Think about it this way. In a traditional classroom, if a student who is solving an equation tells me that they cannot figure out the next step, I generally will ask the student what they think the next step will be. Now, with Wolfram|Alpha, I can say, 'Enter the equation as a query in Wolfram|Alpha," and now you tell me what the next step is. Then I ask the student to enter another, and another, and yet another. And eventually through investigating how different equations are solved, the student starts to get a better sense of what it is that you are allowed to do when solving an equation, and what it is that you are not allowed to do when solving an equation.
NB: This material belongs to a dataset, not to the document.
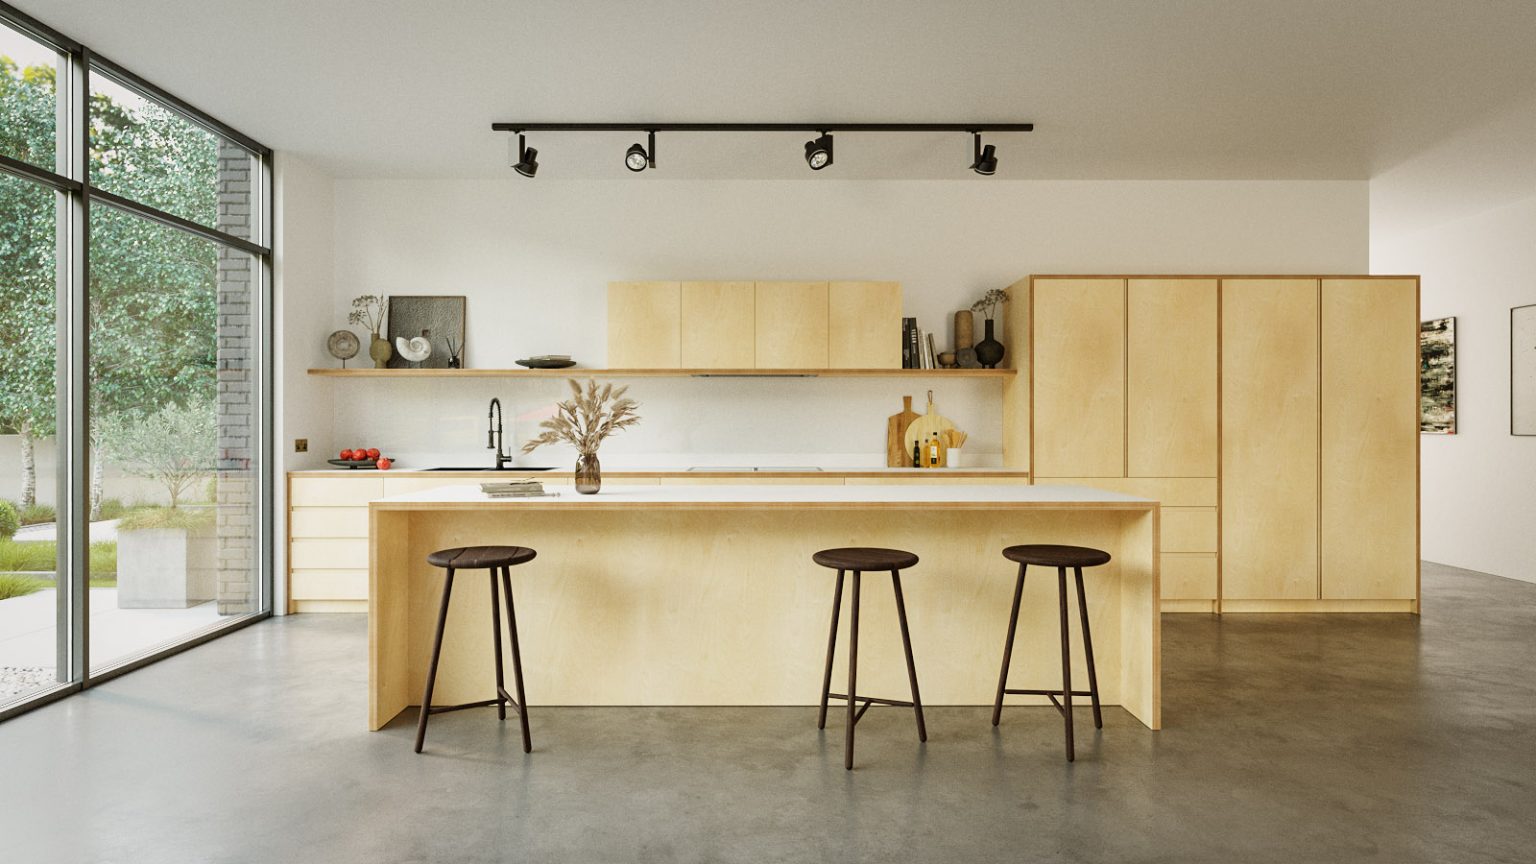 plywood kitchen design nz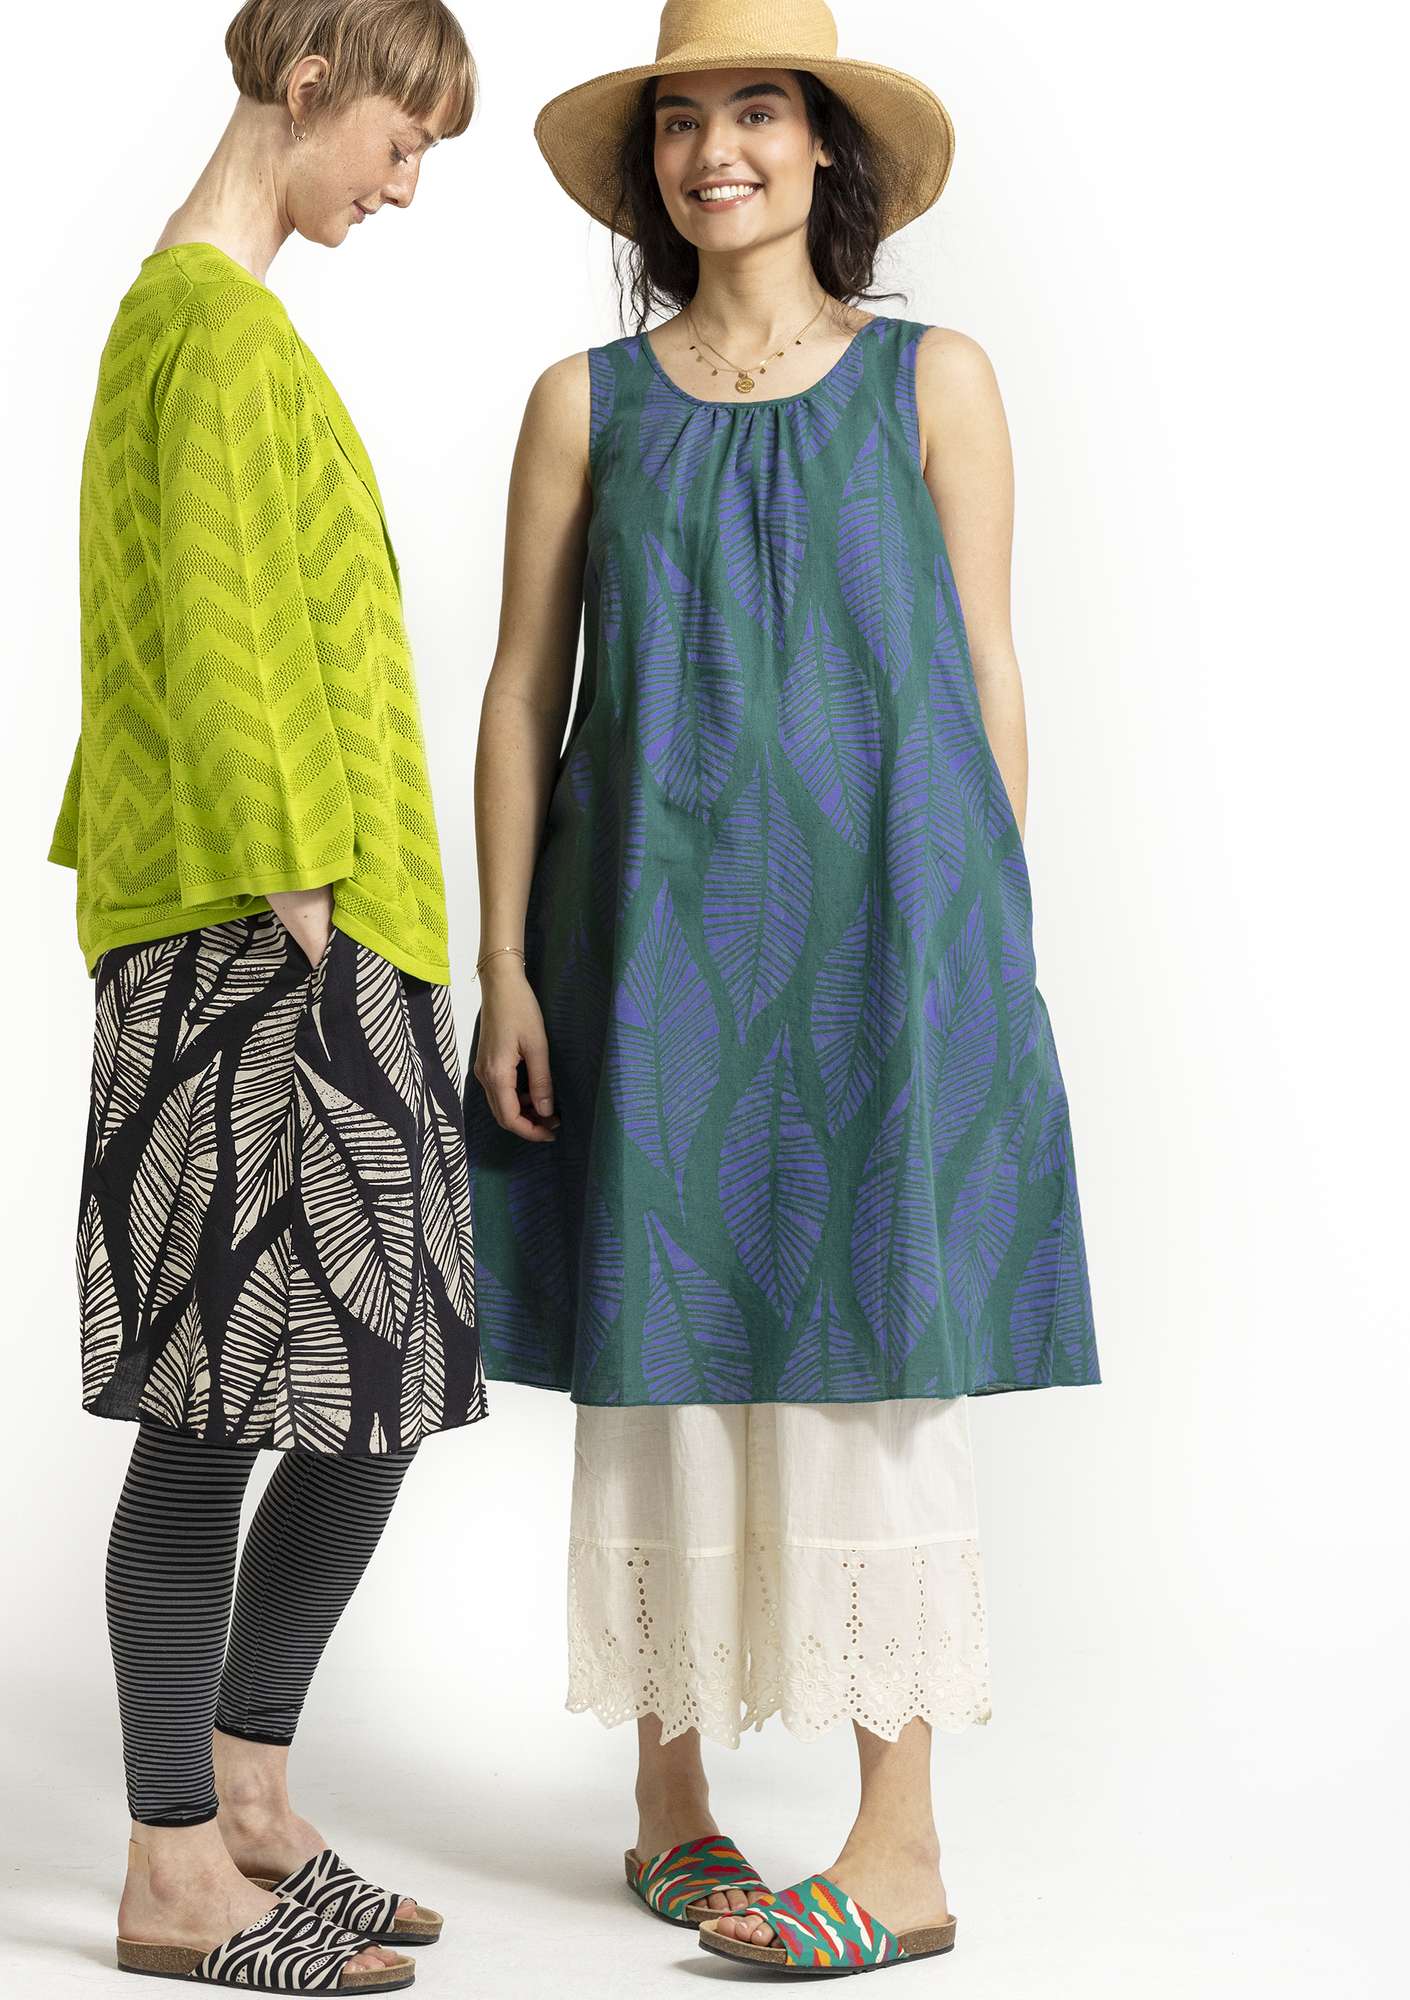 Vevd kjole «Decor» i økologisk bomull/lin påfuglgrønn thumbnail

Just a thought, whether the problem is difficult, or easier, I see plenty of open opportunities for students to use Wolfram|Alpha as a tool for investigative learning. But I definitely do believe that the students still need the instructor's guidance to lead their investigations and their critical thinking.
I think the students would be willing and able to make some calculators (widgets) on Wolfram|Alpha themselves. I think in the fall I will replace one of my College Algebra projects with having students construct a calculator (widget) on Wolfram|Alpha. I think some of the students would get interested in the design as well as the mathematics.